I am looking for highly qualified and highly motivated students that might be interested in working on one of the following research topics.   Students interested in pursuing graduate studies and who are interested in one or more of these topics, should indicate this when they apply to the Department of Computer Science.  While I will consider students interested in other aspects of my research interests, my preference would be to accept students with interest in one of the following.

 

 

1.      There have been numerous different approaches for reducing energy consumption in computing systems, e.g. thermal-aware scheduling, virtual machine consolidation, dynamic cooling management, etc.  How do we leverage these multiple strategies effectively with multiple, cooperating autonomic agents to achieve multiple objectives?

2.      How does one represent a model of a driver of an automobile?  Is it a combination of models?  How are they related?  How are they constructed?  Can different driving behaviors be effectively captured?  What kind of predictive capability do the driver models have?
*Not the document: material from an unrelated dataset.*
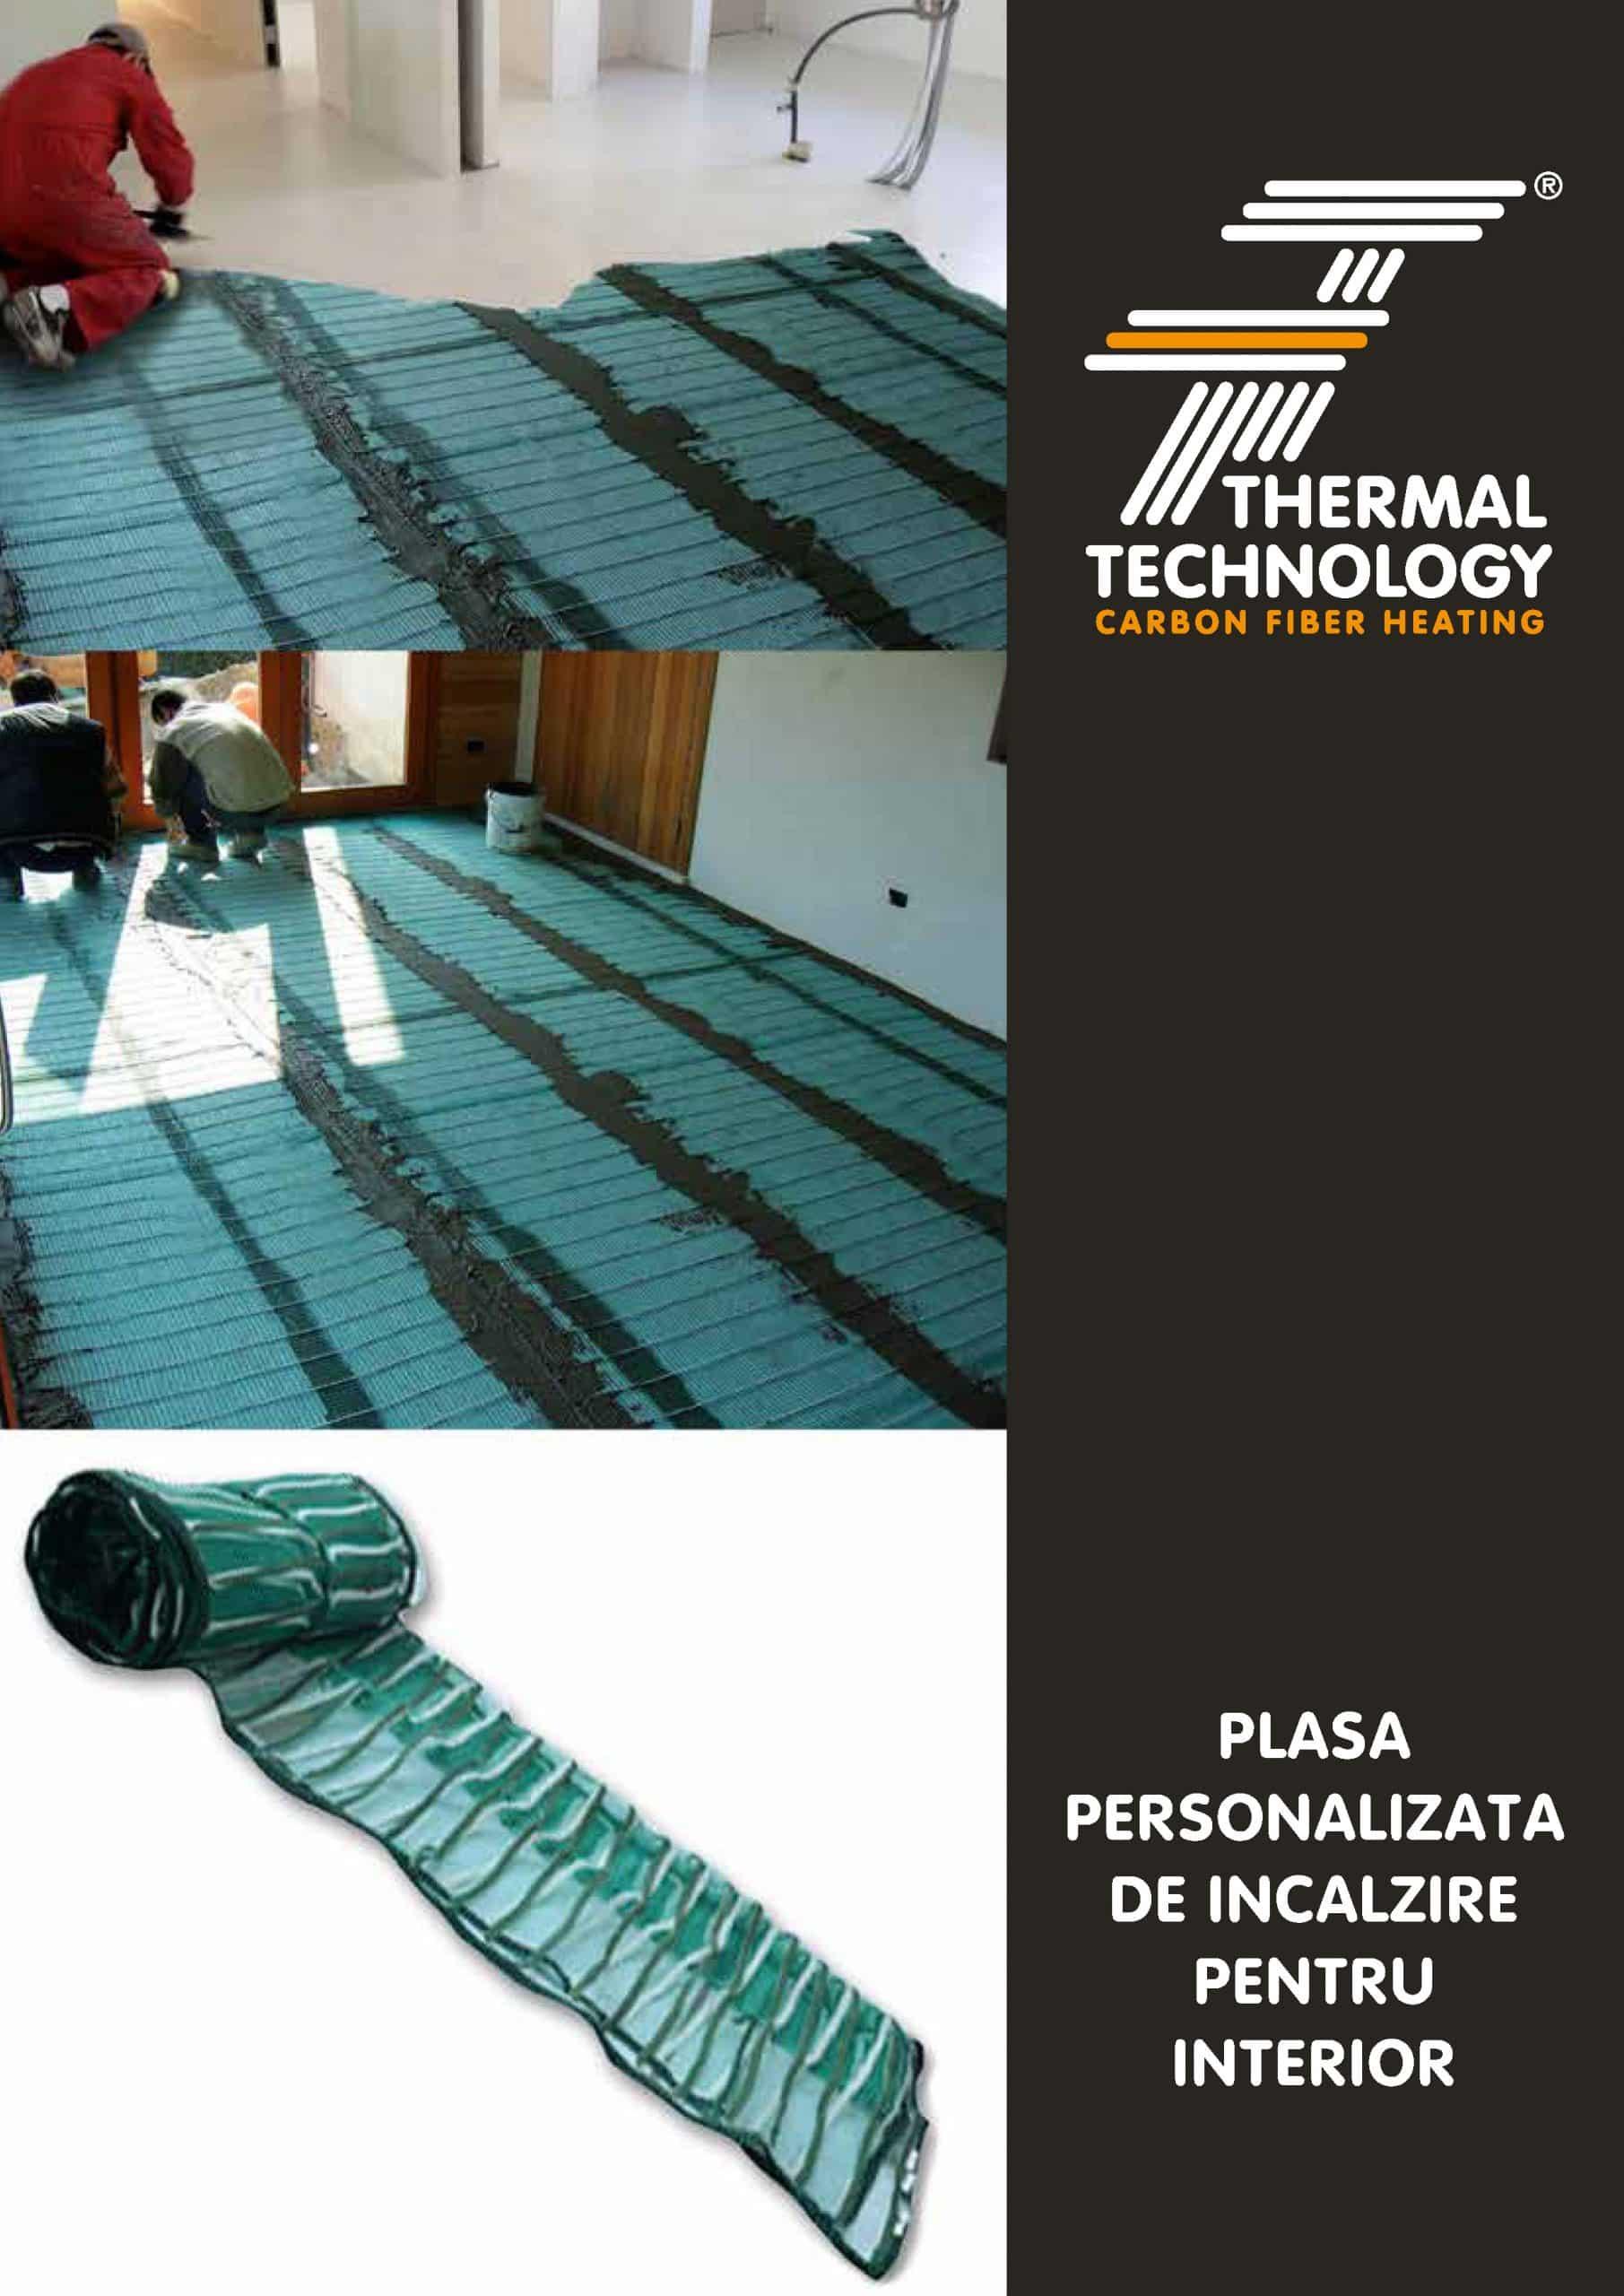 https://thermaltechnology.ro/wp-content/uploads/2020/03/PVRI_RO_Plasa-Personalizata-de-incalzire-pentru-interior_Page_1-scaled.jpg

3.      Policies can be used to express desired conditions or states of computational systems that can then be enforced by multiple agents.  Can we utilize the same notions to ensure that drivers can operate vehicles within their own personal limitations, the limitations of the vehicle and the environment?

4.      Can we build application development tools that would facilitate the development of smart city applications?  Can we build an IDE (Integrated Development Environment) for smart city applications?  What are the underlying services needed and how do we optimize operations and runtime?

5.      Assuming sets of services and tools to support smart city applications, how do we optimize the deployment across multiple compute nodes from the edge of the network to a cloud?  What information about the applications are needed?  About the computing resources?  How do we specify the data flow?